Theme: True Unity
In this week’s lessons, we see what true Christian unity looks like, and how it blesses everyone involved.
Scripture: Psalm 133:1-3
In 1978 Margaret Halsey, a columnist who frequently writes for Newsweek, wrote an article titled “What’s Wrong with Me, Me, Me?” Halsey referred to Wolfe’s description of the 70s as the “me” generation, highlighting the belief then rampant that “inside every human being, however unprepossessing, there is a glorious, talented and overwhelmingly attractive personality [which] will be revealed in all its splendor if the individual just forgets about courtesy, cooperativeness and consideration for others and proceeds to do exactly what he or she feels like doing.”1
The problem, as Halsey pointed out, is not that there are not attractive characteristics in most people but that human nature consists even more basically of “a mess of unruly primitive elements” which spoil the self-discovery. These unruly elements need to be overcome, not indulged. And this means that the attractive personalities we seek to discover really are not there to be discovered but rather are natures that need to be developed through choices, hard work and lasting commitments to others. When we ask, “What’s wrong with me?” it is the “me, me, me” that is the problem.
This affects our relations to other people too, because, in spite of what humanism seems to promise, it makes our world inhuman. And a failure to relate to other people hurts not only them, but also ourselves. 
Charles Reich in his best-selling book The Greening of America wrote:
Modern living has obliterated place, locality and neighborhood, and given us the anonymous separateness of our existence. The family, the most basic social system, has been ruthlessly stripped to its functional essentials. Friendship has been coated over with a layer of impenetrable artificiality as men strive to live roles designed for them. Protocol, competition, hostility and fear have replaced the warmth of the circle of affection which might sustain man against a hostile environment. 
He said that “America [has become] one vast, terrifying anti-community.”2
Are our churches exempt? Sometimes perhaps. But not everywhere and not always. Michael Scott Horton has written:
Our churches are one of the last bastions of community, and yet, they do not escape individualism….Many of us drive to church, listen to the sermon, say “hello” to our circle of friends, and return home without ever having really experienced community. Earlier evangelicalism was so focused on corporate spirituality that communion was taken with a common cup….We hear endless sermons on spiritual gifts and how the body of Christ is supposed to operate in concert. And yet, our services often are made up of the professionals (particularly the choir) who entertain us and the individual, separate believers who are entertained.3
Where does unity come from, then? And can it be found again once it has been lost? We have already seen that unity comes from God, and the answer to the second question is that it can be rediscovered and reestablished, but only as men and women get outside of themselves and submit their own selfish individualism to a higher and more worthy cause than self-indulgence. 
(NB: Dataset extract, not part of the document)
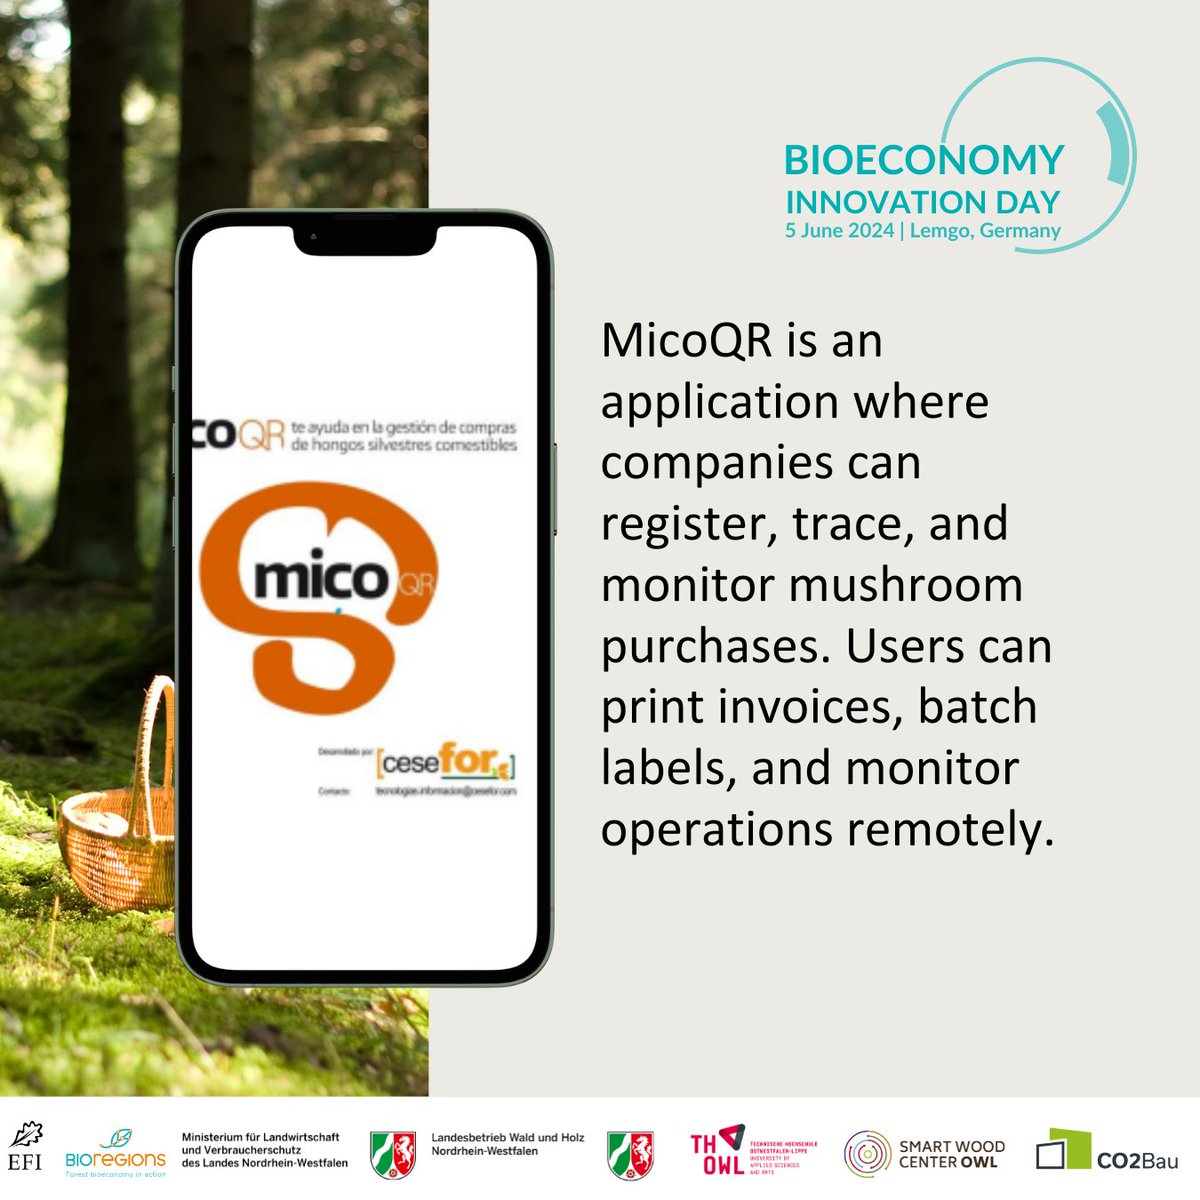 📣 Meet our speakers & innovators! 👇 Learn more about @FCesefor's MicoQR at the Bioeconomy Innovation Day 2024 event in Lemgo, Germany, on 5 June. 🎟 Get your ticket and see you in Lemgo! bioregions.efi.int/bioeconomy-inn… @europeanforest @WaldundHolzNRW @THochschuleOWL

The Bible shows the way. As far back as the Garden of Eden we find God looking at the world he had made and observing, “It is not good for the man to be alone” (Gen. 2:18). God wanted man to live with relationships and in harmony; so he created a woman with whom the man would be able to share God’s bounty and the joys of the work God gave to our first parents. And Adam did, until sin caused mutual accusations and disharmony. 
We find the same thing in the New Testament. When Jesus established the new people of God he did not do it by abandoning those who are saved from sin to themselves and their own devices, but by bringing them into a new fellowship: the Christian church (Matt. 16:18). 
And not only that. Jesus prayed for the church, and one thing he prayed is that God might give his people unity:
My prayer is not for them [the original disciples] alone. I pray also for those who will believe in me through their message, that all of them may be one, Father, just as you are in me and I am in you. May they also be in us so that the world may believe that you have sent me. I have given them the glory that you gave me, that they may be one as we are one: I in them and you in me. May they be brought to complete unity to let the world know that you sent me and have loved them even as you have loved me (John 17:20-23). 
This is not an artificial or an enforced unity. It is a unity based on a common participation in Christ and his gospel. It is analogous to the unity that is in God. 
1Margaret Halsey, “What’s Wrong with Me, Me, Me?” Newsweek, April 17, 1978, p. 25. 
2Charles Reich, The Greening of America: The Coming of a New Consciousness and the Rebirth of a Future (New York: Bantam Books, 1971), p. 7. 
3Michael Scott Horton, Made in America: The Shaping of Modern American Evangelicalism (Grand Rapids, MI: Baker, 1991), p. 169. 
Study Questions: 

What spoils self-discovery? 
How can unity be found again once it has been lost? 
What was Jesus’ prayer for the church? 

Reflection: Think about your church attendance and practices. Have you experienced real community? If not, why is that the case, and what do you need to do?